И ткнула пальцем в мятую майку на его груди.
– Искусство, дорогой ты мой, гораздо шире, оно заставляет переживать и думать! А европейское искусство – особенно. Ты же не можешь не согласиться, что Европа наших дней стала по-настоящему гуманна?
– Да ладно! – Ехидству Волчанского не было предела. – Чтоб ты знала, нет в природе ничего страшнее европейского гуманизма и высшей европейской справедливости. Начиная со спасаемых неизвестно от чего орд морлоков, в последние годы оккупировавших прекраснодушных элоев, и заканчивая убийством молодого жирафа в Копенгагенском зоопарке. Своими руками пристрелил бы прагматичных сволочей!
– Какие еще будут претензии к европейцам? – фыркнула Лариса.
– А я смотрю, ты за Европу стоишь горой!
– По сути я космополит…
– Претензии у меня все те же, что были и у Александра Сергеевича, – не на шутку разошелся Волчанский. Я даже зажмурилась, чтобы не видеть его перекошенного злобой лица. – Позволю себе напомнить стихи Солнца русской поэзии, так и озаглавленные – «Клеветникам России».

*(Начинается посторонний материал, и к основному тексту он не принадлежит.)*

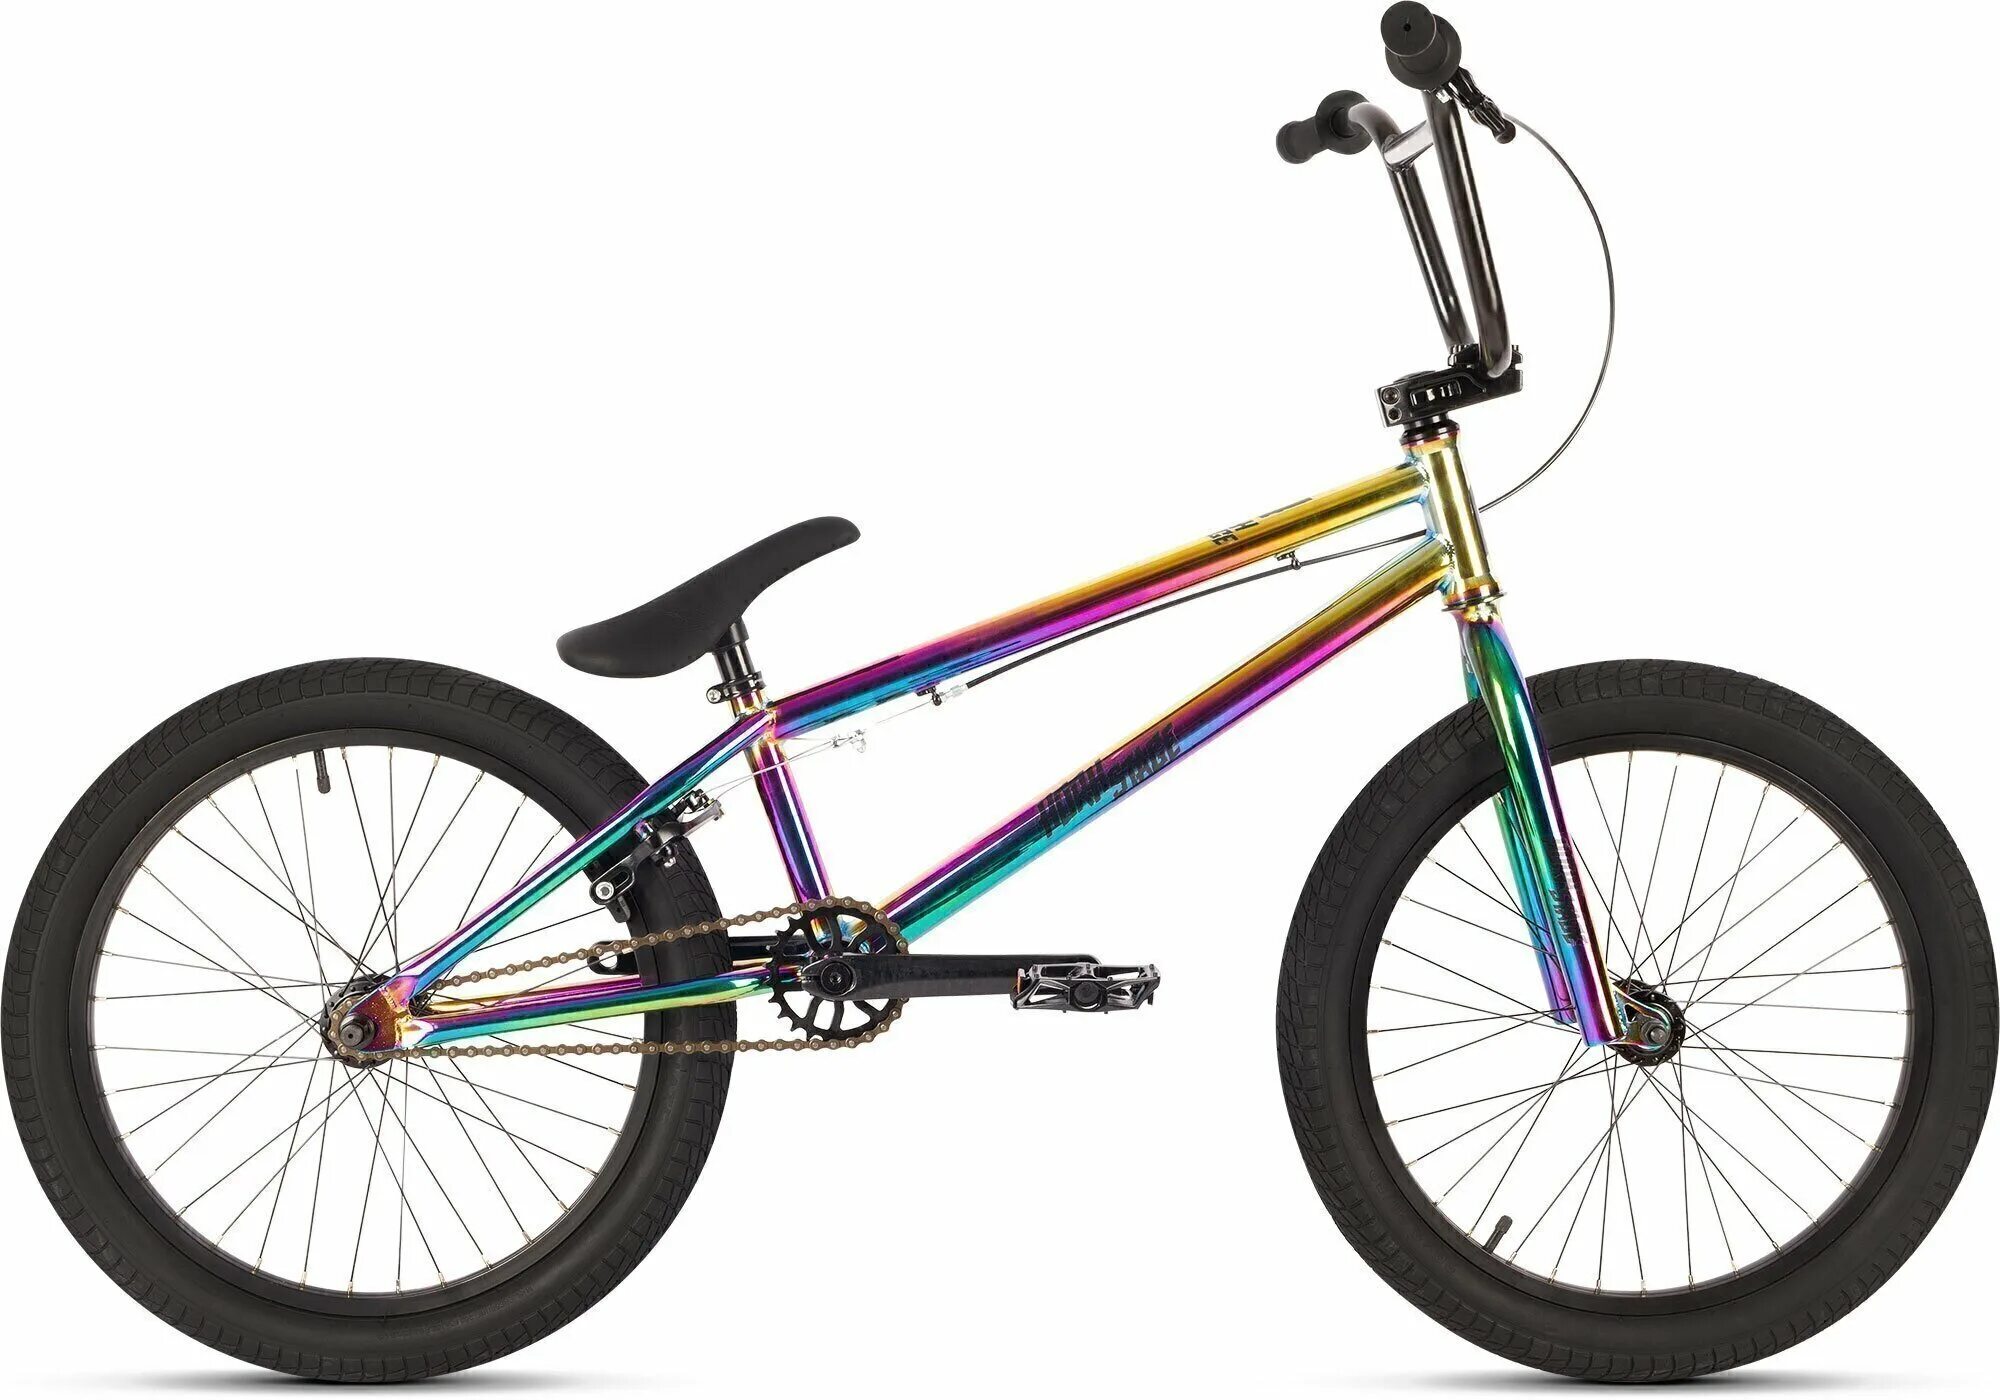 Велосипед horh Stage 20" (2020) бензин. Horh Stage бмх велосипед. BMX велосипед 20-200-29, 20, 2020. Трюковой велосипед BMX градиент. Купить велосипед в омске недорого

О чем шумите вы, народные витии?
Зачем анафемой грозите вы России?
Что возмутило вас? Волнение Литвы?
Оставьте: это спор славян между собою…
Дальше сама, надеюсь помнишь. А насчет космополитизма… По сути, ты, Ларочка, прошу прощения за мой французский, не космополит, а законченная стерва. Хотя, возможно, это одно и то же.
Теперь уже разозлилась Лариса.
– Знаете что, профессор? – сердито проговорила она. – Займитесь своими прямыми обязанностями! Уберите щиты от входа. Отнесите их к грузовому лифту и спустите на первый этаж.

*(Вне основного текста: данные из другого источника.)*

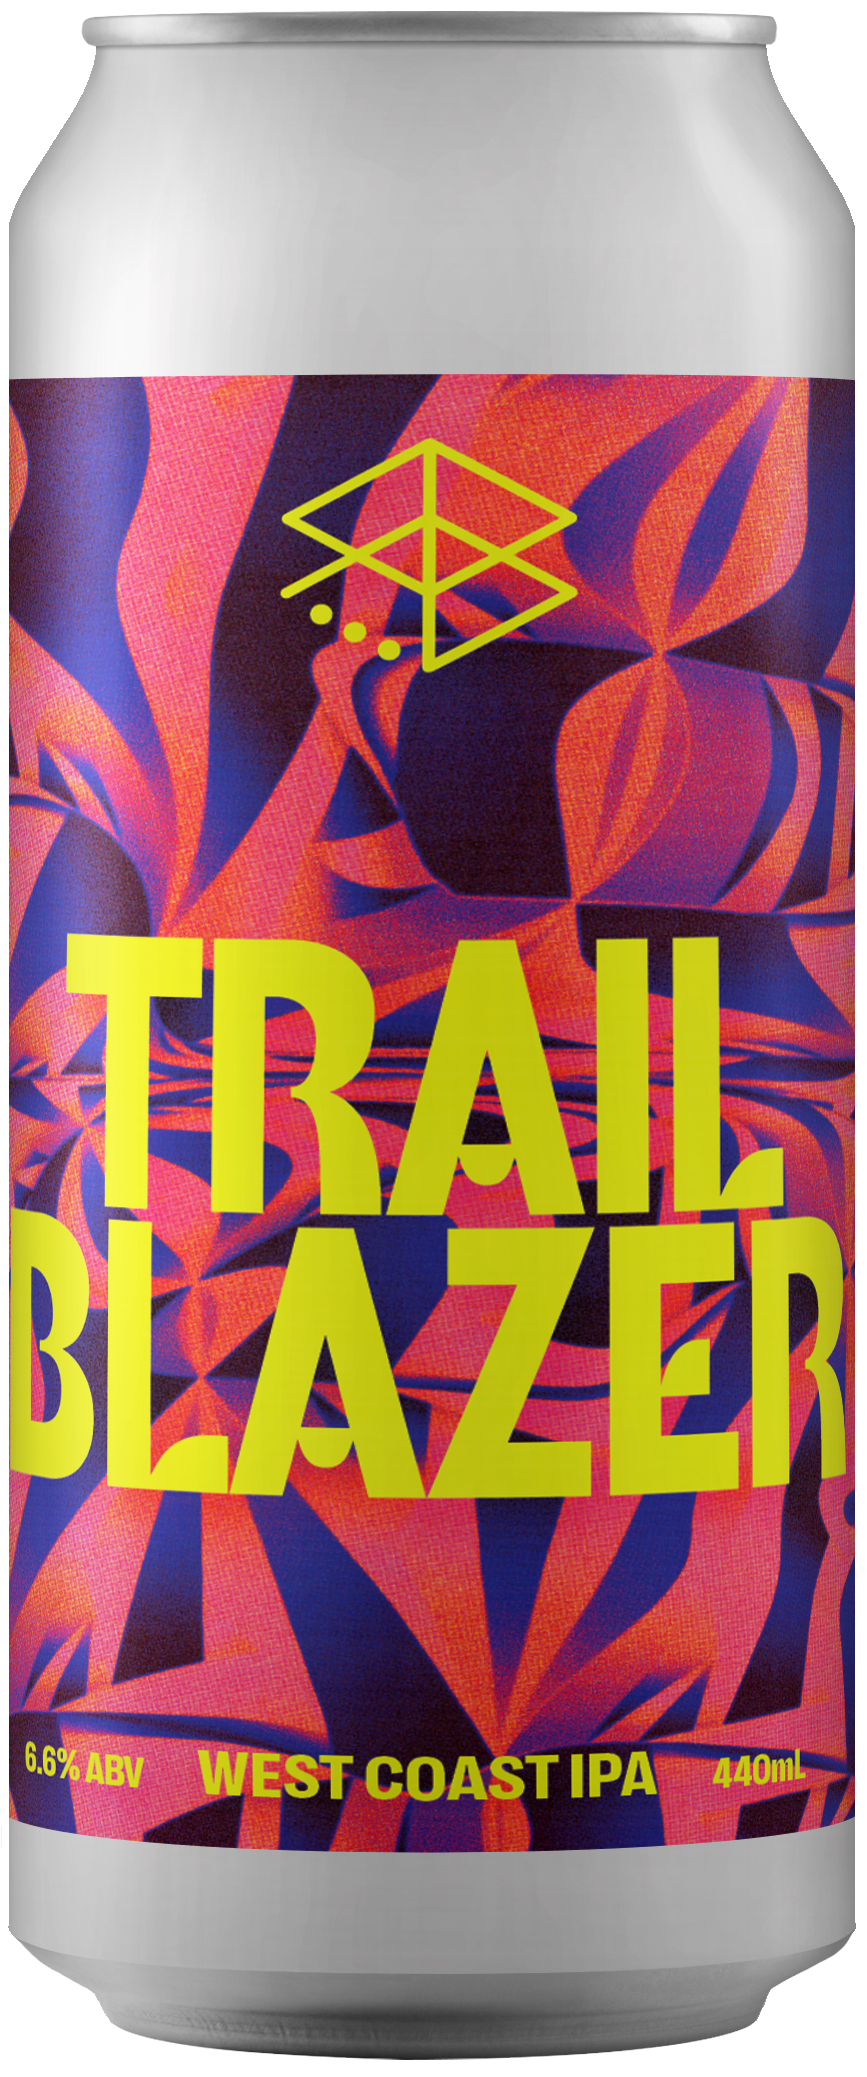 Trail Blazer - West Coast IPA

– А что это вы, мадам, раскомандовались? – расплылся в саркастической улыбке бывший супруг. – Придет мое непосредственное начальство и даст задание.
Понимая, что пробил час выхода на сцену, я поднялась на еще один пролет и помахала рукой.
– Всем привет! – оптимистично улыбнулась я. И уточнила: – Ругаетесь?
– Разжалованный профессор Волчанский невыносим, глаза бы мои его не видели, – поморщилась подруга. – Забирай, Мирослава, свое сокровище.
Женя по-детски улыбнулся и простодушно потянулся обнять меня. Сделав вид, что не замечаю его порыва, я прошла в зал и указала рукой на щиты.
– Знаю-знаю, – закивал он, – убрать от входа, отнести к грузовому лифту и спустить на первый этаж.
– Приятно иметь дело с понятливым человеком, – скептически хмыкнула я. – Занимайся, Евгений, щитами, а я пойду к экспонатам.
И я отправилась к прибывшим вчера вечером коробкам, возле которых крутился Майкл.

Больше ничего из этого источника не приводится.